## Available records
:::

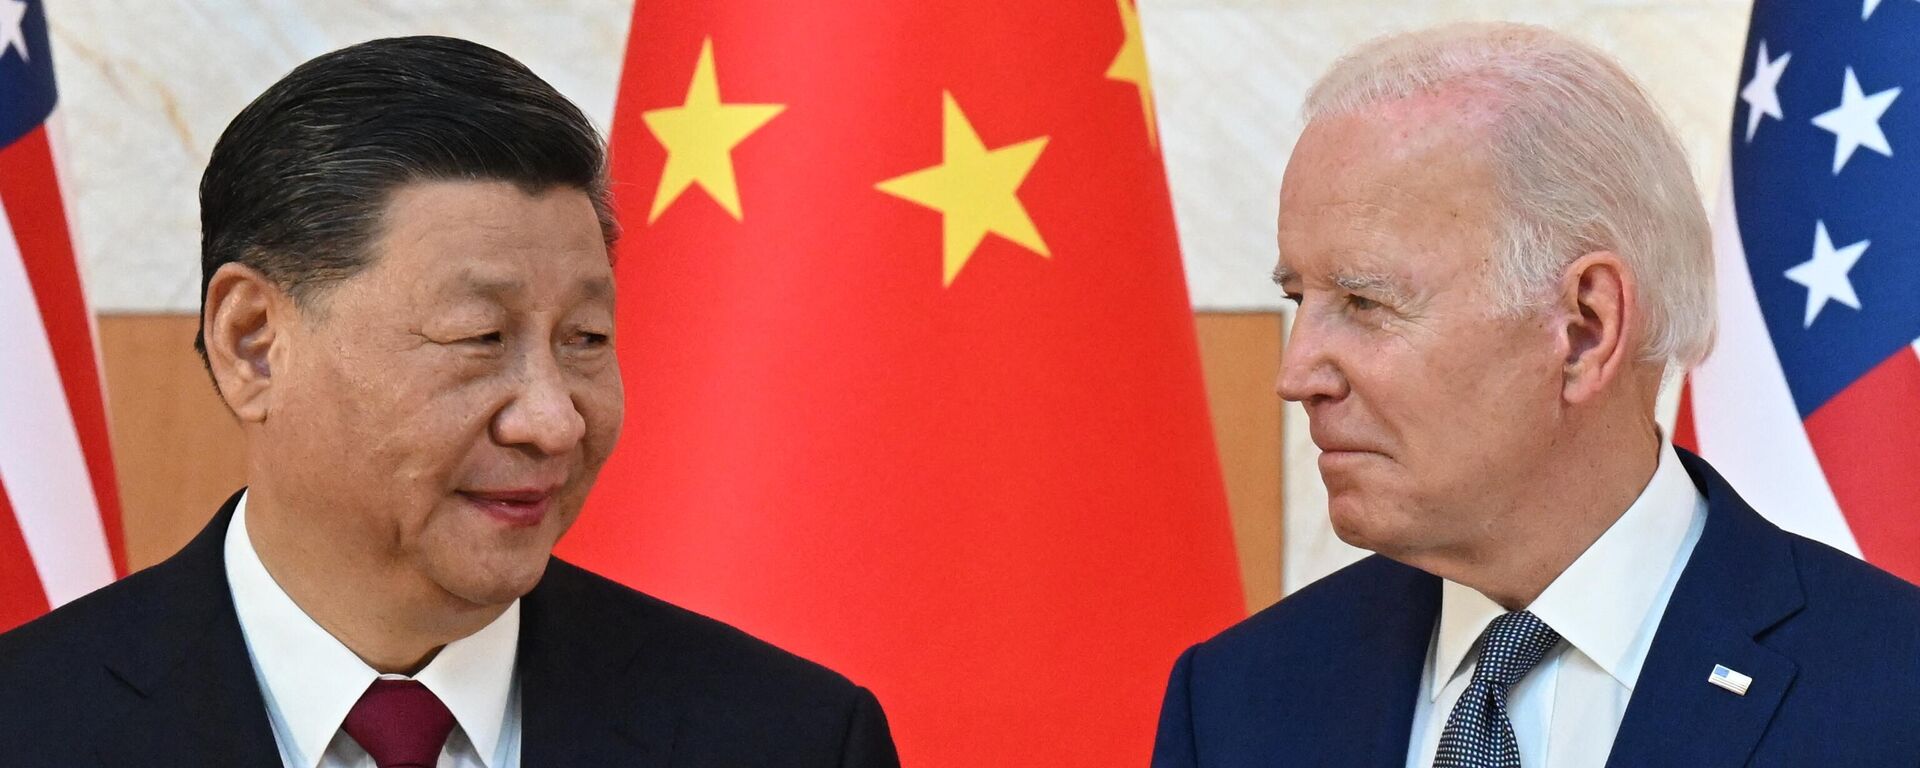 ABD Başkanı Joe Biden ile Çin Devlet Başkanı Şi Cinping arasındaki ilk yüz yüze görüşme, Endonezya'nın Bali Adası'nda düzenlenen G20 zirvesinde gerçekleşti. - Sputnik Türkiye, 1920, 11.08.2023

:::

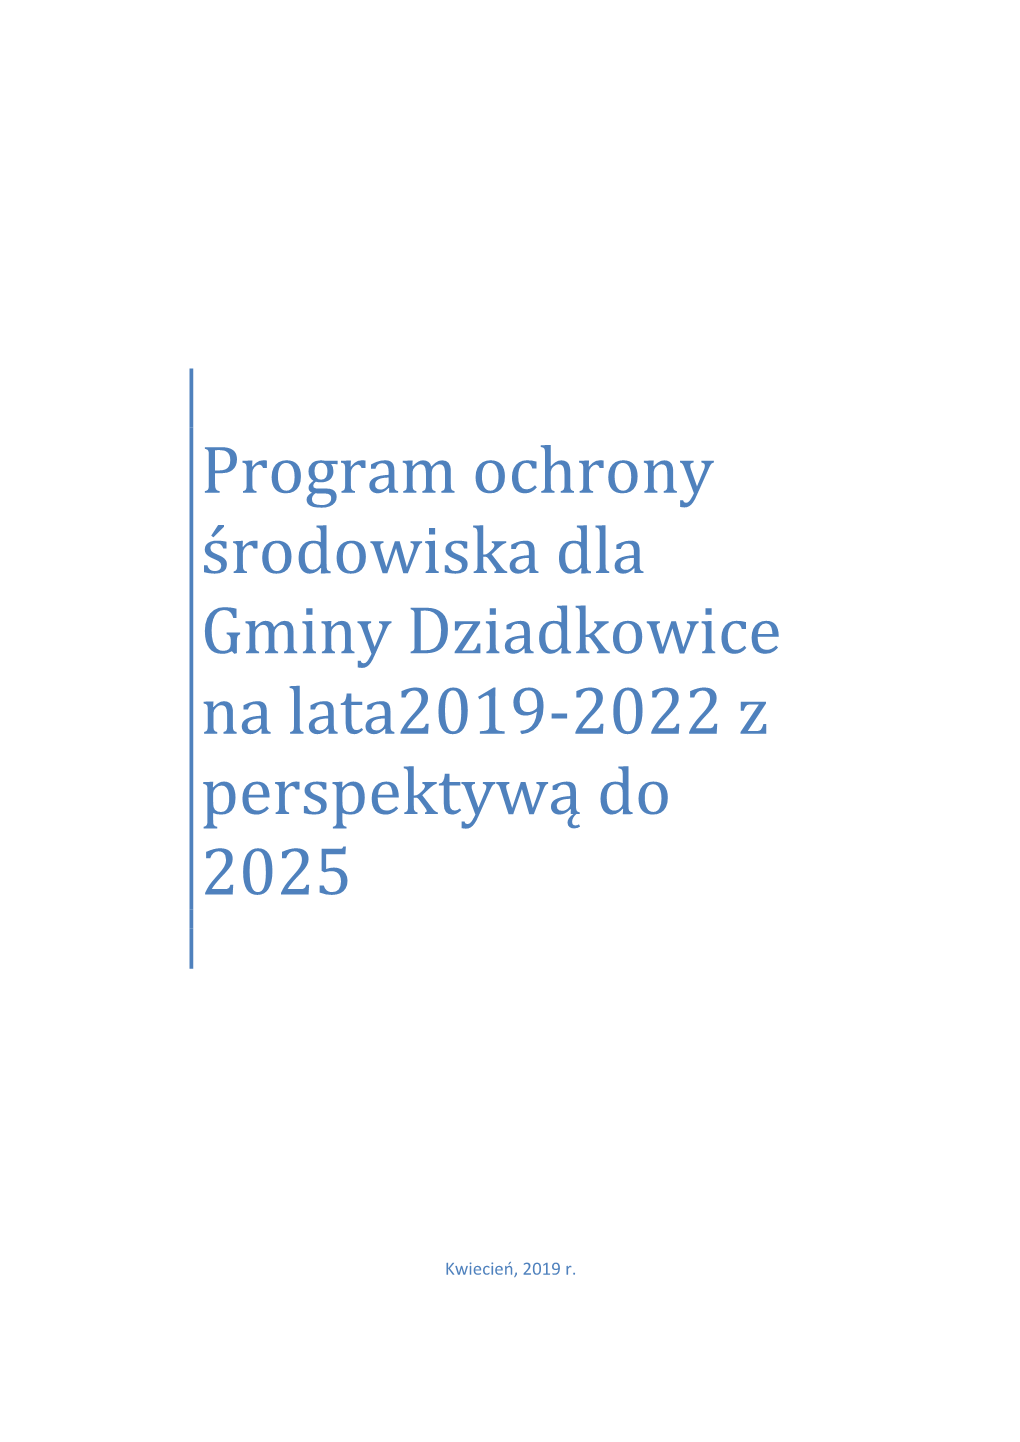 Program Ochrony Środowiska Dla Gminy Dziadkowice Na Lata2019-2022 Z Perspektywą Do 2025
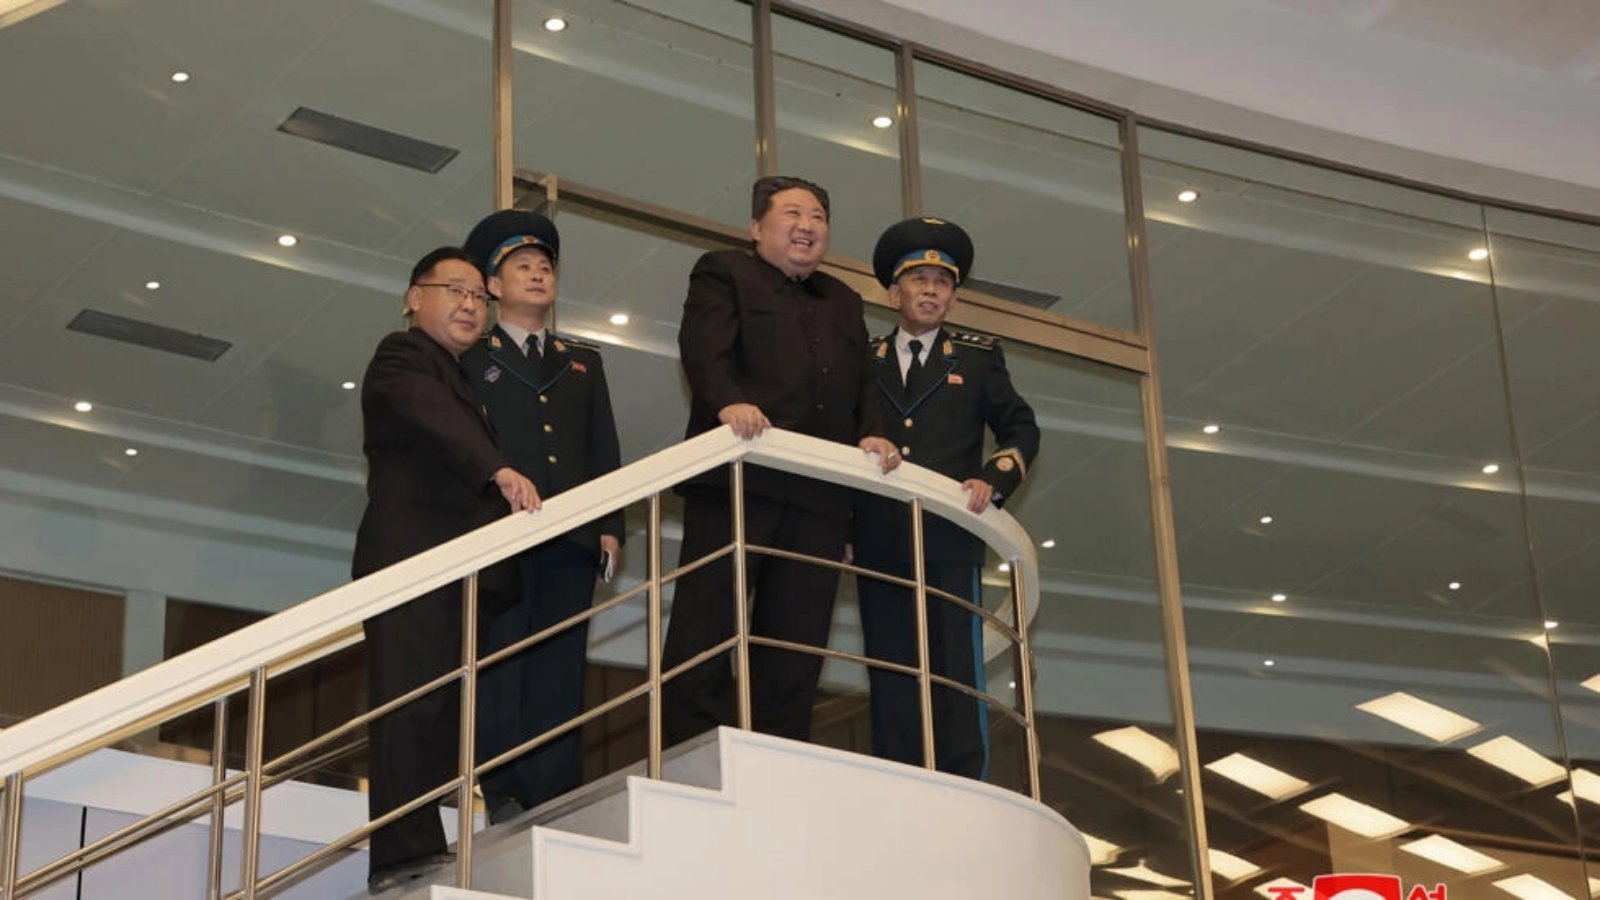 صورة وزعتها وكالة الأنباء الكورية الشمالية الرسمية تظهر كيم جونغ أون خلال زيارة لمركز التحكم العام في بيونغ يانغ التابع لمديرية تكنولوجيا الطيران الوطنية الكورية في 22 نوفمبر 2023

:::

Look above for the line with "Program Ochrony Środowiska" and the line with "صورة وزعتها وكالة". Output those two and everything between them exactly, pictures excluded.

## Task solution
 Program Ochrony Środowiska Dla Gminy Dziadkowice Na Lata2019-2022 Z Perspektywą Do 2025
 صورة وزعتها وكالة الأنباء الكورية الشمالية الرسمية تظهر كيم جونغ أون خلال زيارة لمركز التحكم العام في بيونغ يانغ التابع لمديرية تكنولوجيا الطيران الوطنية الكورية في 22 نوفمبر 2023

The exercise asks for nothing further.